PROBLEM: Would you return, word for word, the lines of the data below from the line with "Sherabling Buddhist Monastery" through the line with "#epiconetsy #babytrends #handmade", and no others?

DATA EXTRACT:

########################################

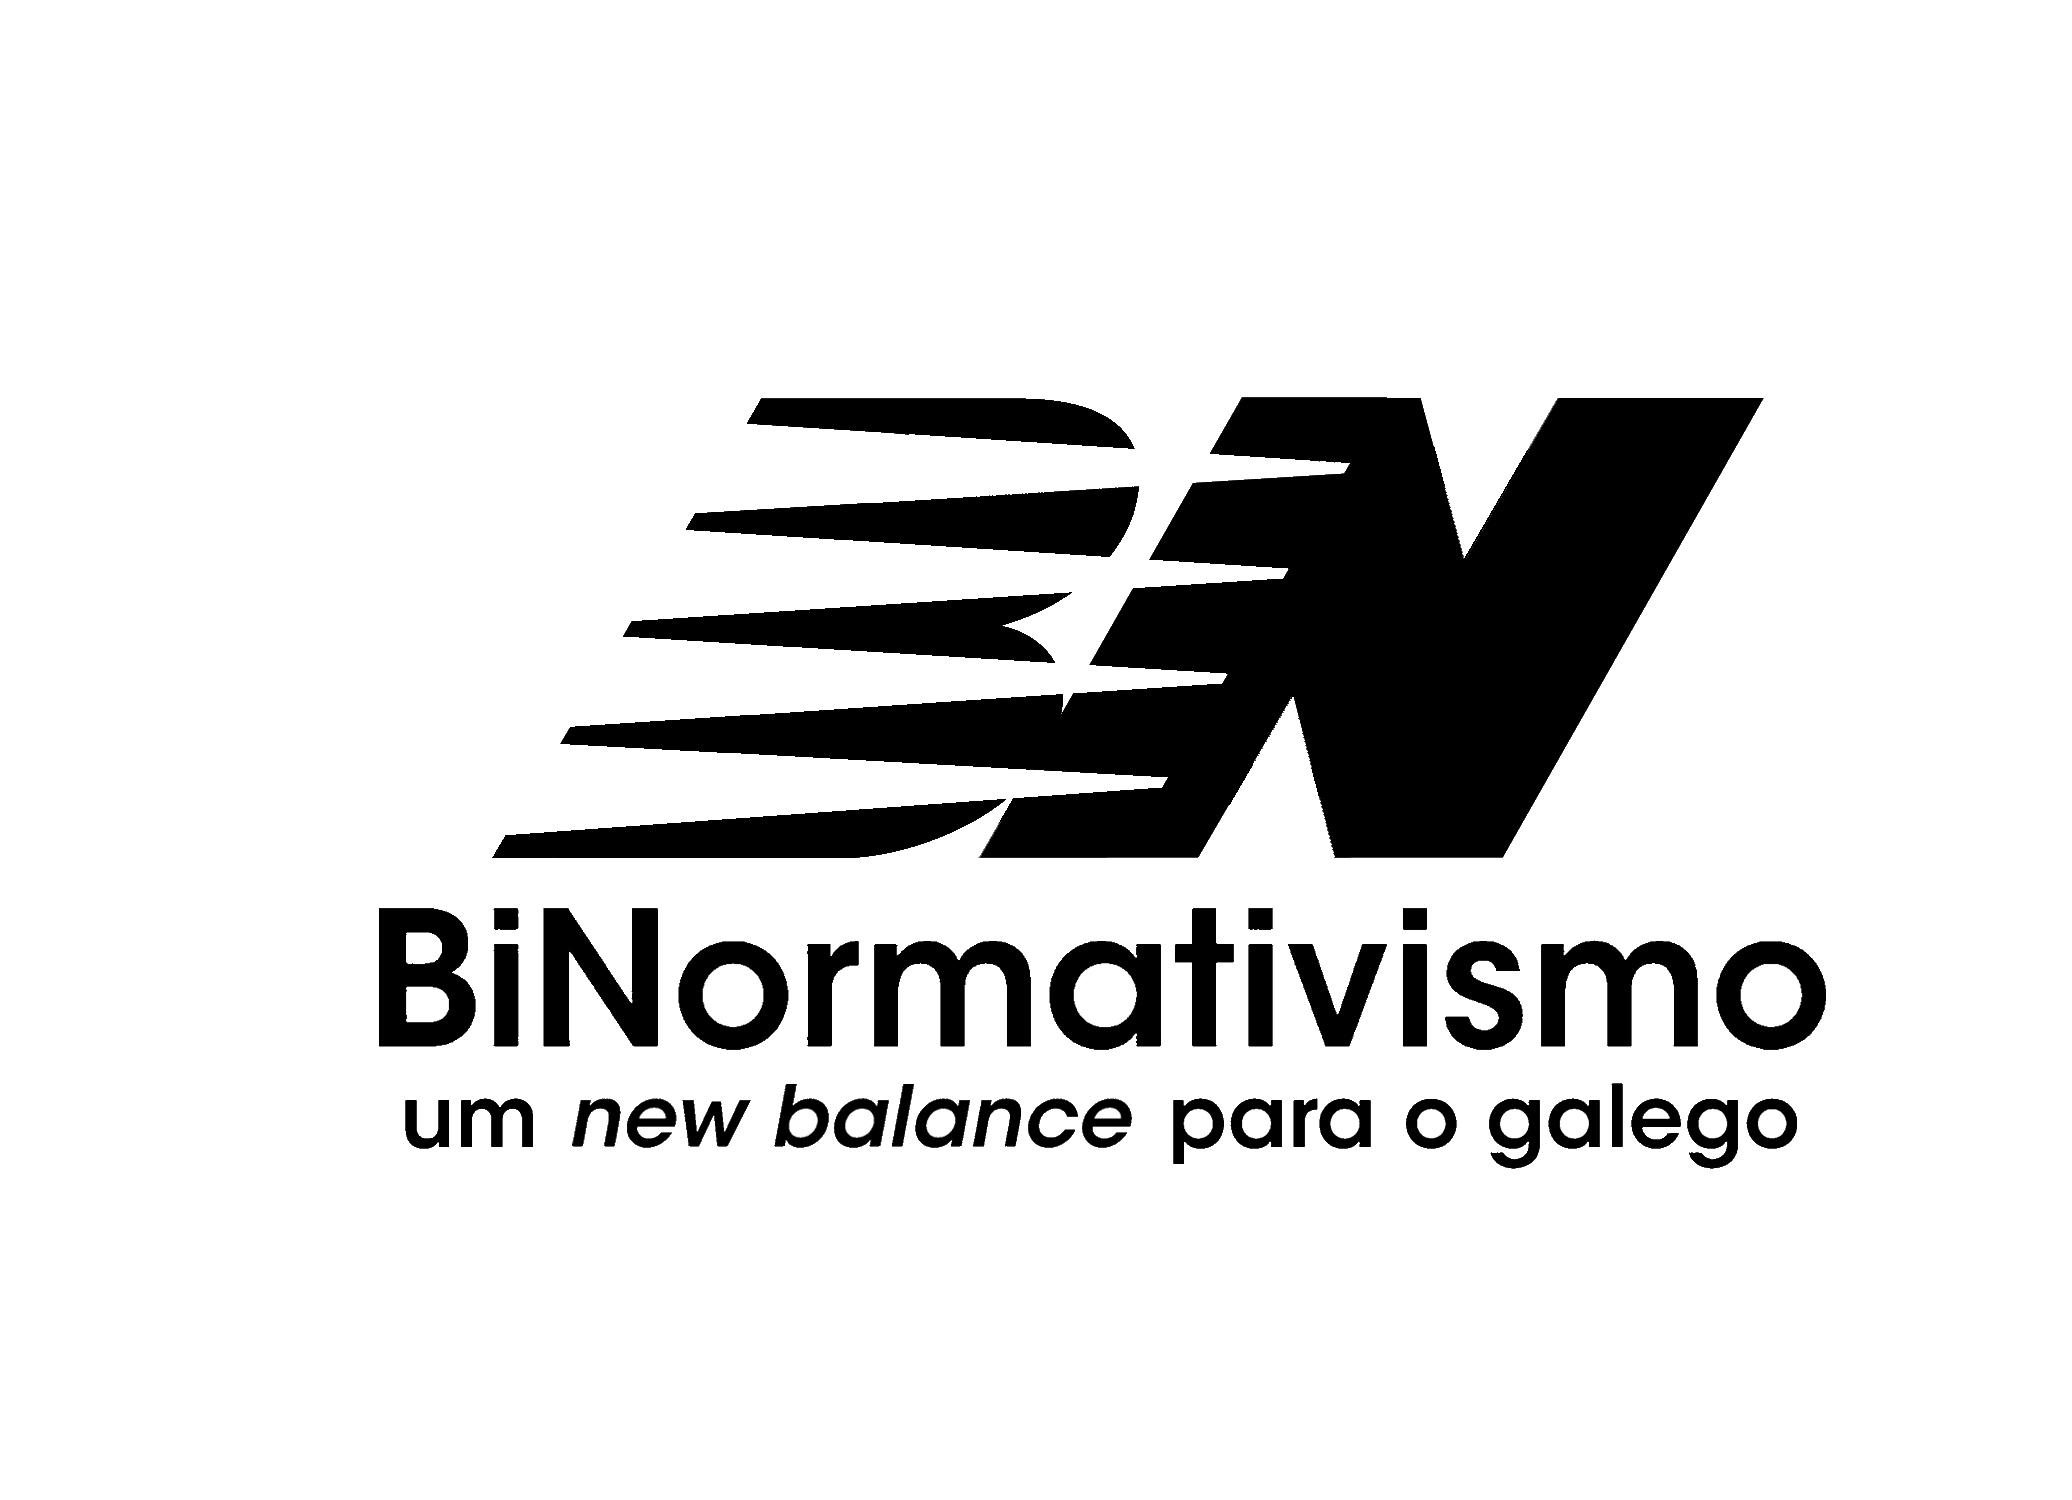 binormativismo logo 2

########################################

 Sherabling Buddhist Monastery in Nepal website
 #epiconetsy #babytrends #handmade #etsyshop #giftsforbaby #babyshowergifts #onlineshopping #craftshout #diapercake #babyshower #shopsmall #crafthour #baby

########################################

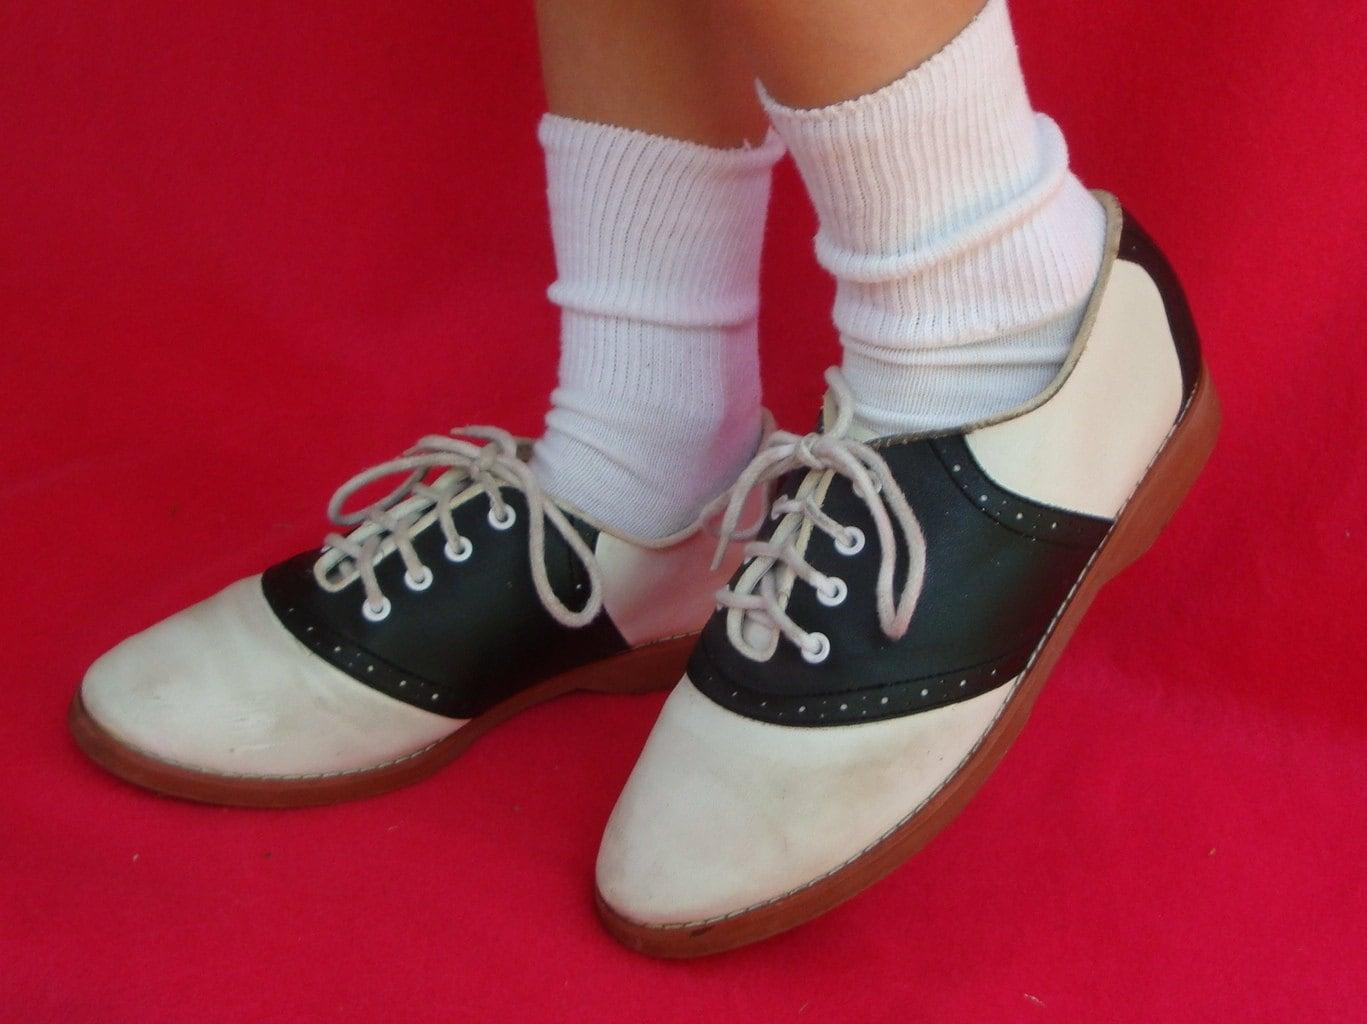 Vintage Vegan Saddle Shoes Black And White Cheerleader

########################################

REPLY TO THE EXERCISE:
 Sherabling Buddhist Monastery in Nepal website
 #epiconetsy #babytrends #handmade #etsyshop #giftsforbaby #babyshowergifts #onlineshopping #craftshout #diapercake #babyshower #shopsmall #crafthour #baby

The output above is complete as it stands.